Три дня мама маялась воспалением лёгких в районной больнице, а на четвёртый перестала. Михаил Фёдорович к такому никак не был готов. Они прожили в этой квартире вдвоём пятьдесят один год, за вычетом двух месяцев — его позорной попытки побега к лаборантке Верочке. «Мама, Мишенька, — единственная женщина, для которой ты останешься главным мужчиной в жизни, она никогда тебя не бросит». Вот и на тебе «никогда».
Суп, сваренный мамой перед отъездом в больницу, закончился аккурат за день до похорон, поэтому на прощание с усопшей Михаил Фёдорович отправился в скорби и в голоде. Воскресения мертвым он не чаял, но терпеливо выстоял службу в кладбищенской часовне, исполняя материнскую волю, известную ему ещё с детства: «Помру, не вздумай закопать меня, как собаку безбожную». Под заунывное пение сначала думал изо всех сил об абелевых группах, но не смог, сдался мысли о том, что на поминки заказано в кафе «Любава»: винегрет с квашеной капустой (сто двадцать граммов), щи рыбные (двести сорок граммов), пюре картофельное с минтаем (сто тридцать граммов плюс восемьдесят граммов), плюшка «Горьковская» (сто десять граммов). Складывал в уме нехитрые числа и никак не мог увидеть перед собой итоговой суммы из-за набегавших на глаза слёз.
Впервые крапивница застала Михаила Фёдоровича на сиденье тряского автобуса, в котором он с девятью малознакомыми старухами ехал с кладбища в «Любаву». Он заметил её возле своего плеча, когда, протерев запотевшие от мороза очки, попытался разглядеть в окно остающуюся позади, под чернёным крестом, маму. Бабочка билась в ледяное стекло, не видя пути. Михаил Фёдорович тогда не нашёл в себе сил даже удивиться. Ну, бабочка. Странно, конечно, видеть её здесь в такой холод. Но мысль эта не прижилась в голове, вылетела на первом же повороте.
Разумеется, тогда Михаил Фёдорович ещё не думал, что бабочка — это мама. Мешали советское воспитание и наукоцентричное восприятие мира. Но крапивница появлялась снова и снова, и не в какие-то случайные моменты. Она прилетала в ординаторскую в день, когда декан урезал Михаилу Фёдоровичу часы, что вело к снижению без того невысокого оклада. Оранжевые крылышки мелькнули перед ним во время двенадцатой по счёту попытки самостоятельно сварить проклятый суп. Прилетала бабочка и в тот первый раз, когда суп получился. В третью годовщину маминой смерти она появилась в редакции научного журнала, куда Михаил Фёдорович принёс статью для публикации. А в день, когда началась очередная война, крапивница села на край стола и прошлась по тетрадям и справочникам прямо так, пешком, а потом улетела. Тогда-то он и приметил странную закономерность в поведении бабочки и, пока ещё пунктирную, связь её с мамой Глашей.

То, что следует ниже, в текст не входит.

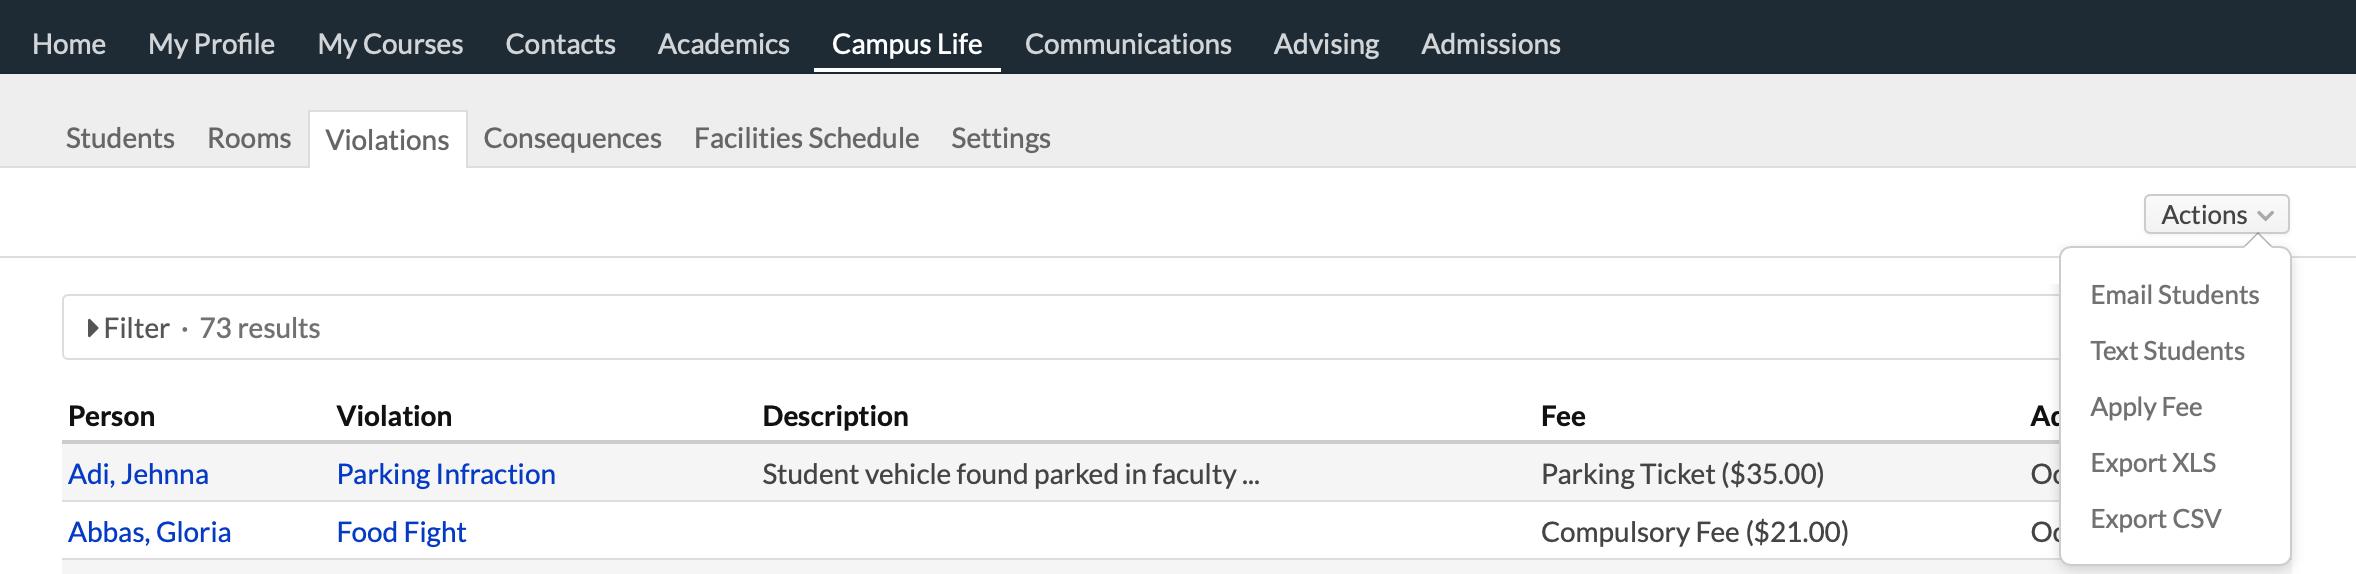 campus_life_violations

Не раз во дни, исключительные по своей паршивости, Михаил Фёдорович специально с особым усилием думал о бабочке-маме, и она появлялась. Рассудив здраво, доктор физико-математических наук пришёл к выводу, что раз эксперимент воспроизводим с идентичными результатами, и раз нет иного объяснения, кроме самого очевидного, то гипотеза его верна. Тем более что оспорить её пока некому: о бабочке Михаил Фёдорович никому не рассказывал, интуитивно опасаясь нарушить хрупкую нефизическую природу наблюдаемого явления.

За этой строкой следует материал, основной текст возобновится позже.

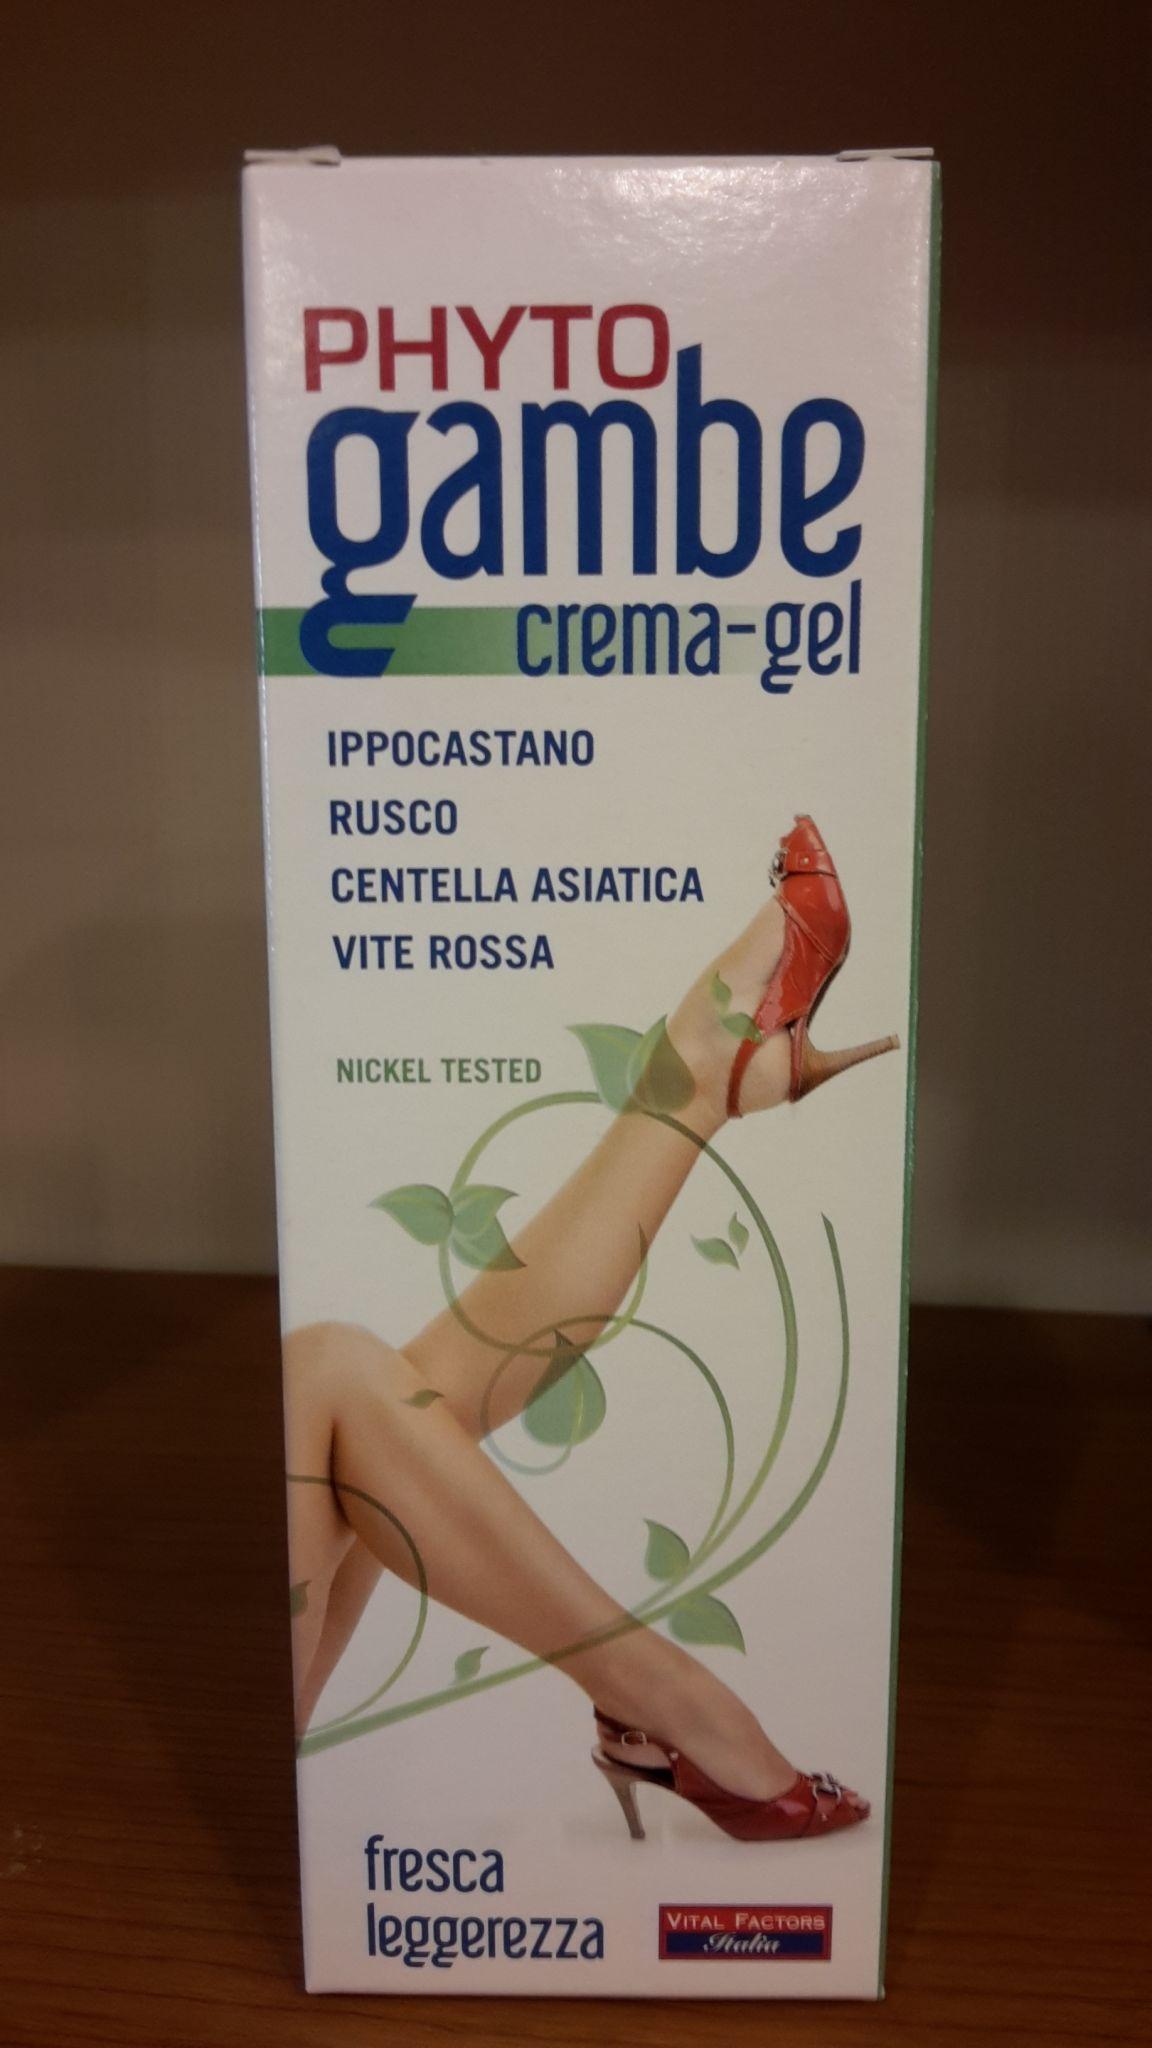 PHYTO GAMBE crema - gel 100 ml-  VITAL FACTORS

Кафедральные попоища Михаил Фёдорович никогда не любил и старался их избегать всеми правдами и неправдами. Но сердобольные дамы-коллеги, прознав о его безвременной утрате, взялись заботиться о нём до изнеможения. «Михфёдрыч, пойдёмте-пойдёмте, у нас там торт». «А что это у вас, Михфёдрыч, — пятно? Принесите вы мне эту рубашку, я отстираю». «У Аллы Львовны сын на побывку вернулся. Грех не выпить за такое, Михфёдрыч, хотя б шампанского». Так и приходилось запираться с ними в каморке, терпеть спёртый воздух, перегар и маслины, улыбаться, когда надо, и даже посмеиваться над их грубыми шутками. А то, вон, навоспитывали на свою плешь молодёжи, не сегодня-завтра попрут с кафедры.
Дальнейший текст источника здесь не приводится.